While resolving cross-border banking groups may, in principle, be less costly in an organizational structure of subsidiaries, imposing self-sufficiency constraints on banking groups, regardless of business models, could be costly for some banks. Imposing a particular organizational structure across the board could eliminate the advantages a given structure provides to a particular business model, while imposing costs on the group’s ability to manage risks during normal times. Financial groups organized as subsidiaries may be required to hold higher levels of capital and liquidity than integrated entities. And, while this may be beneficial during times of stress, it limits the ability of the group to shift resources across its operations during normal times. The key to ensuring financial stability, while simultaneously allowing banks to organize themselves in ways that fit best their business models, lies in the design of effective mechanisms to oversee and resolve cross-border banking groups.

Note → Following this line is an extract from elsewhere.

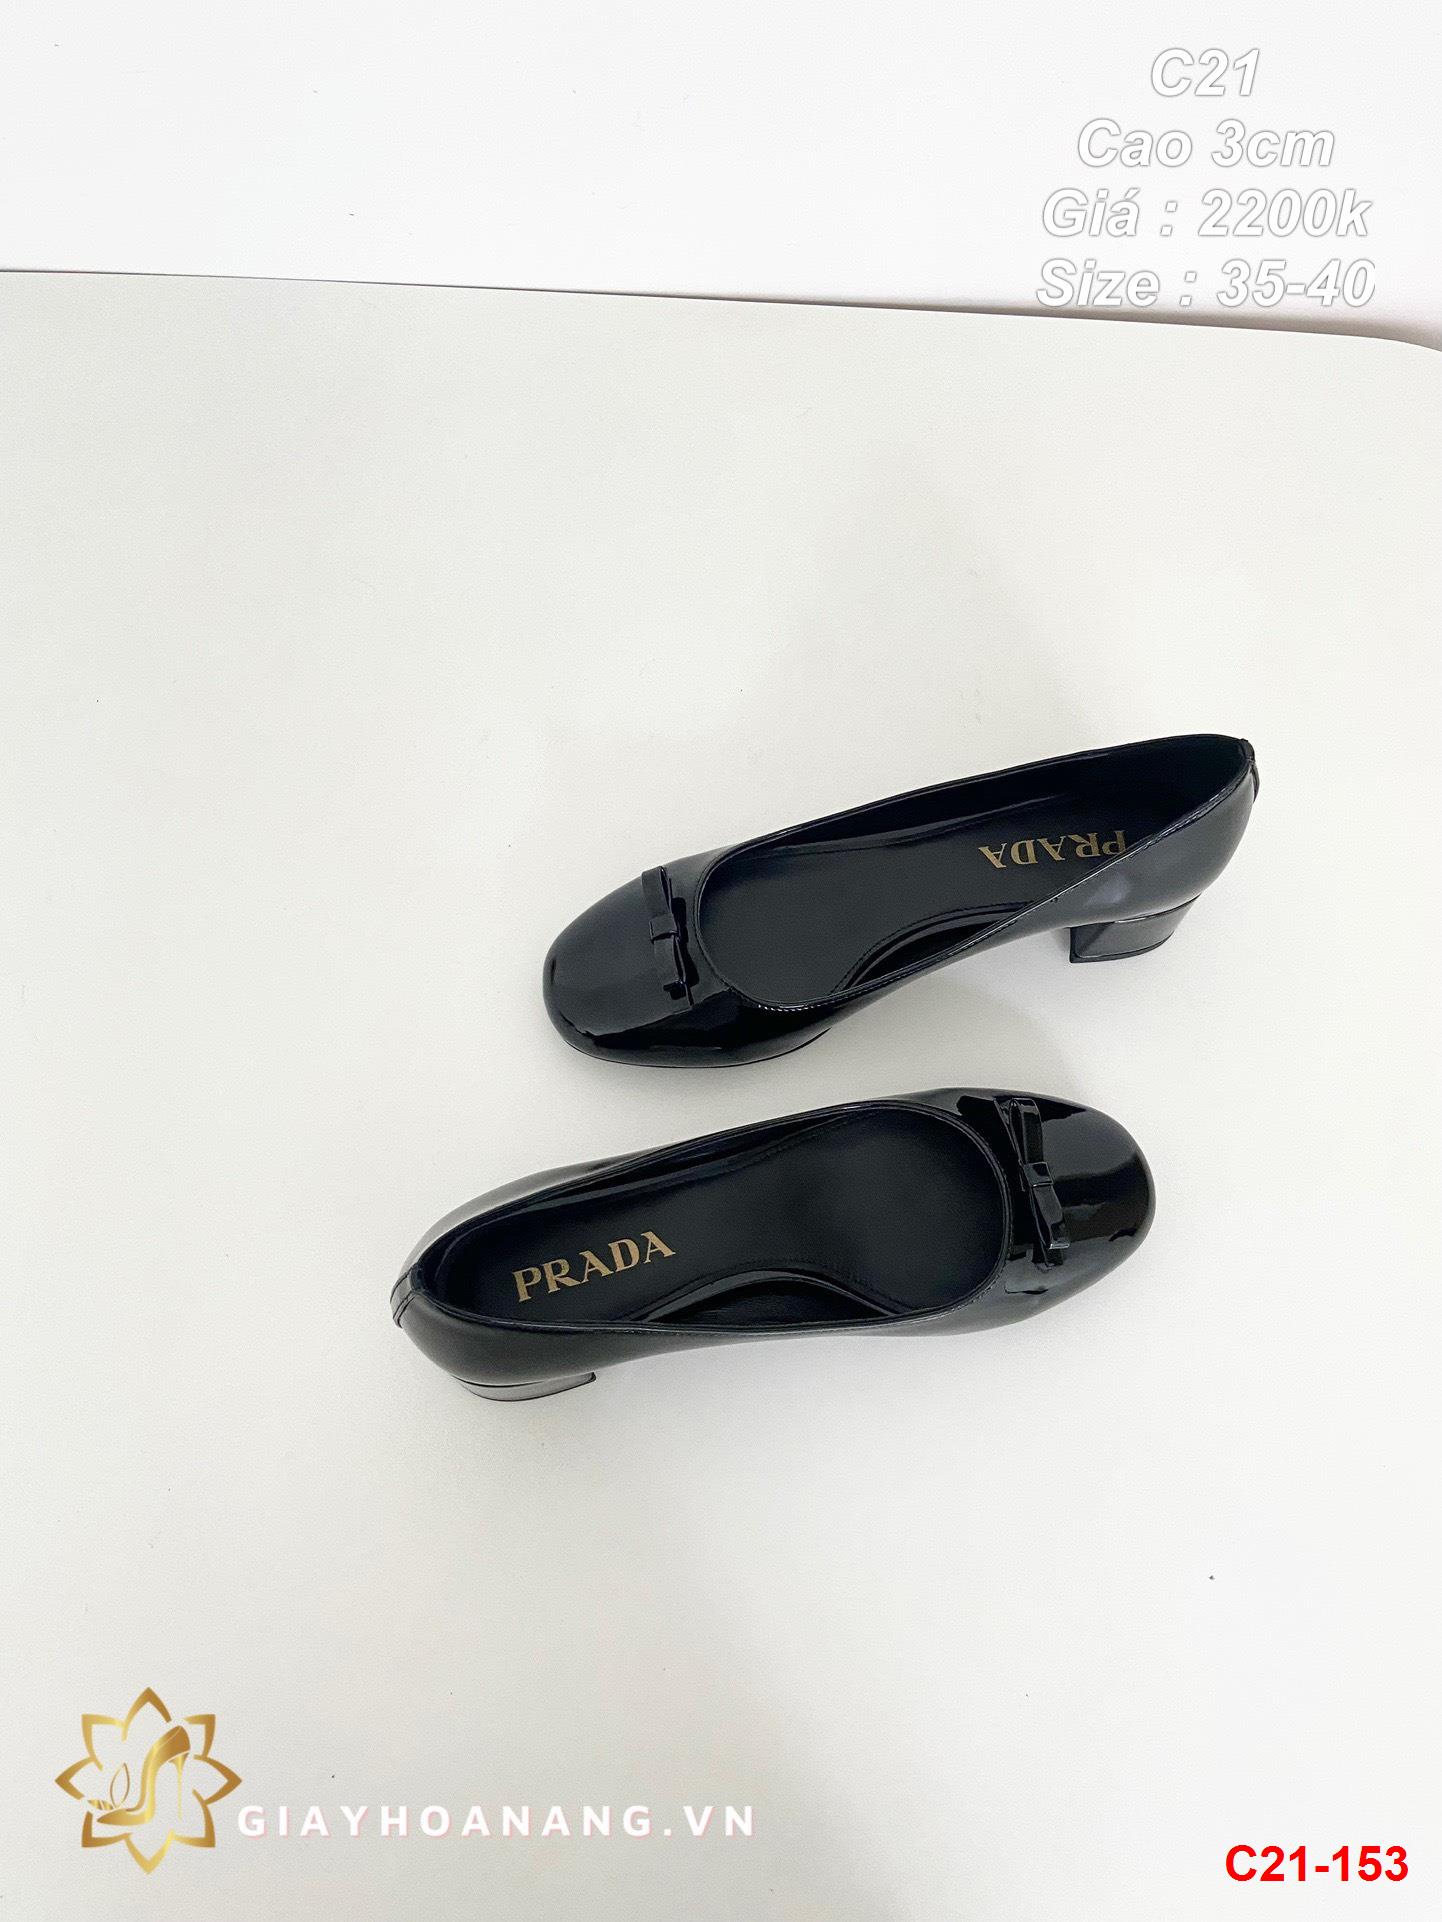 C21-153 Prada giày cao 3cm siêu cấp

C. Measures to Reduce the Probability and Impact of Failures
Capital surcharges, liquidity requirements, and fees/levies
Capital surcharges
A capital surcharge that reflects the systemic consequences of the failure of an institution is being considered, over and above minimum Basel capital requirements. Such a surcharge would be based on the relative risks posed by a particular institution to the financial system. It would aim to reduce the probability of failure of a SIFI by increasing its capital buffers and loss-absorption capacity beyond the standards imposed on all firms.
If properly calibrated and set high enough, such a surcharge could discourage SIFIs from engaging in activities that increase systemic risk and thus could reduce the probability of such institutions from becoming TITF. In fact, some countries recently adopted or proposed additional capital charges for their SIFIs over the minimum Basel requirement. For example, Switzerland proposed a 19 percent capital-to-risk-weighted asset requirement—with 10 percent common equity Tier 1—for its two largest banks, and the U.K. IBC proposed a 10 percent common equity Tier 1 ratio for retail banking operations.

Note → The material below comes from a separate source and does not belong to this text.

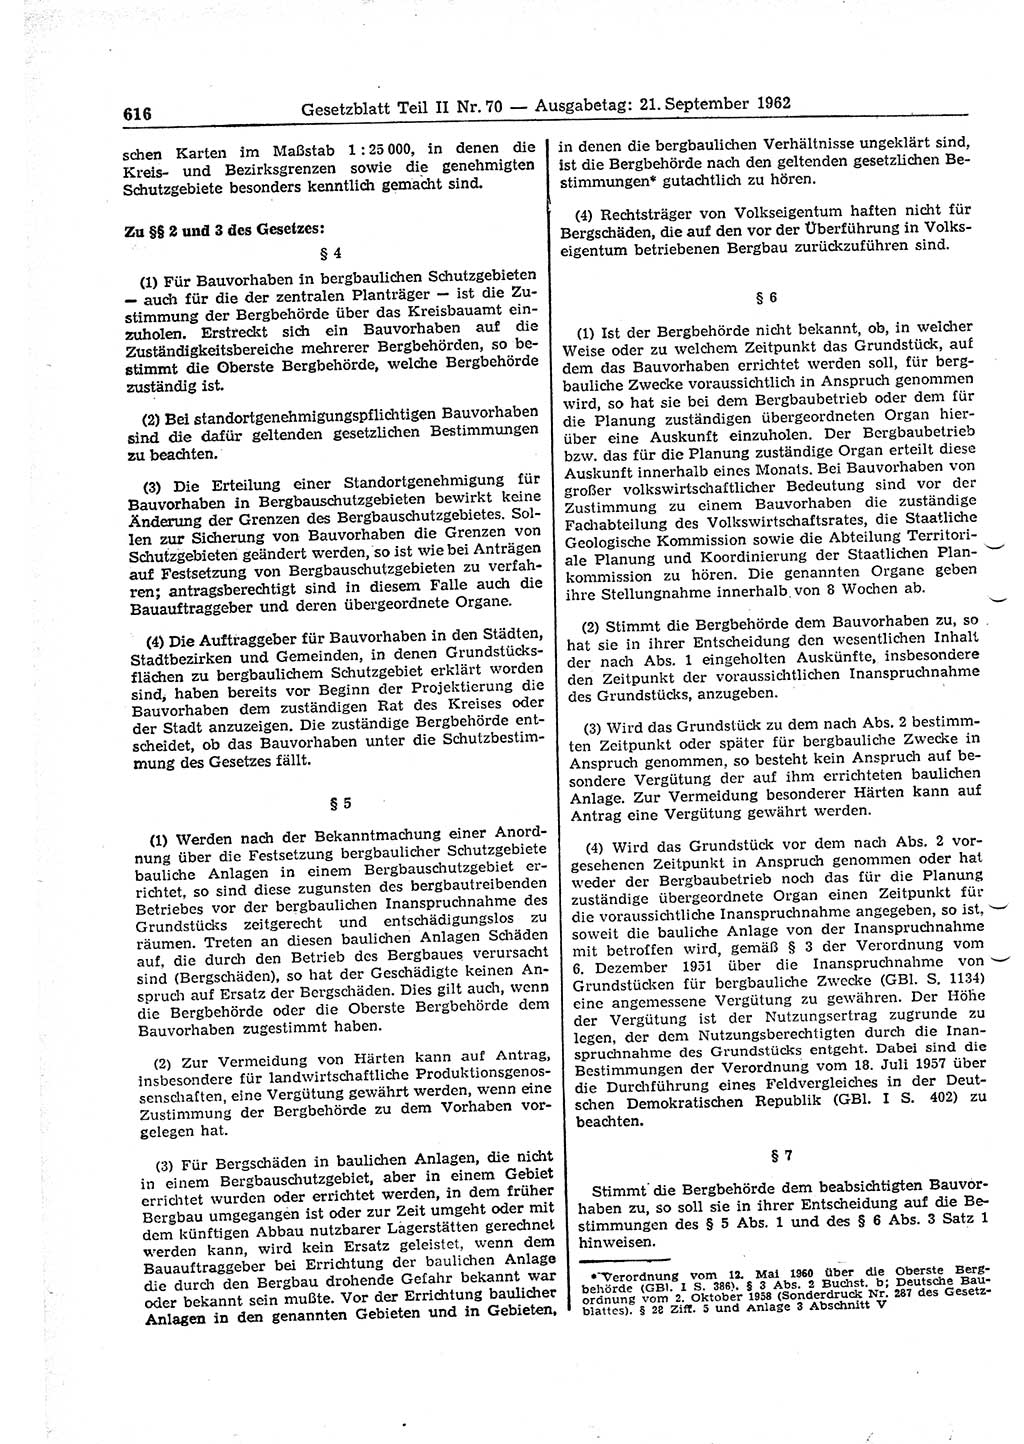 Gesetzblatt (GBl.) der Deutschen Demokratischen Republik (DDR) Teil ⅠⅠ 1962, Seite 616 (GBl. DDR ⅠⅠ 1962, S. 616)

Designing and calibrating an appropriate risk-based surcharge, however, has been challenging. Appropriate methodologies are needed to reliably measure and assess both the aggregate risk in the system and the spillover risks via interlinkages. Surcharges could be calibrated to rise gradually as a firm’s systemic importance increases. The surcharge could also be adjusted to reflect an institution’s potential ease of resolution and thus, at least conceptually, be used to create incentives for institutions to organize themselves in ways that facilitate resolution. The challenge will be to avoid designing an overly complicated formula for calculating institutions’ capital requirement and to assess the likely consequences of materially higher capital requirements on banks’ business models, their provision of credit to the economy, and their overall competitiveness.9
Further work is under way to define the scope of application and the types of capital instrument eligible to meet the surcharge. The capital instruments eligible to satisfy the surcharge should be predominantly common equity, but some portion might be met by contingent convertible capital (CoCo). Such proposals are under discussion in the BCBS, FSB, and the EU and have attracted interest in other countries (including Canada, the Netherlands, Switzerland, the United Kingdom, and the United States).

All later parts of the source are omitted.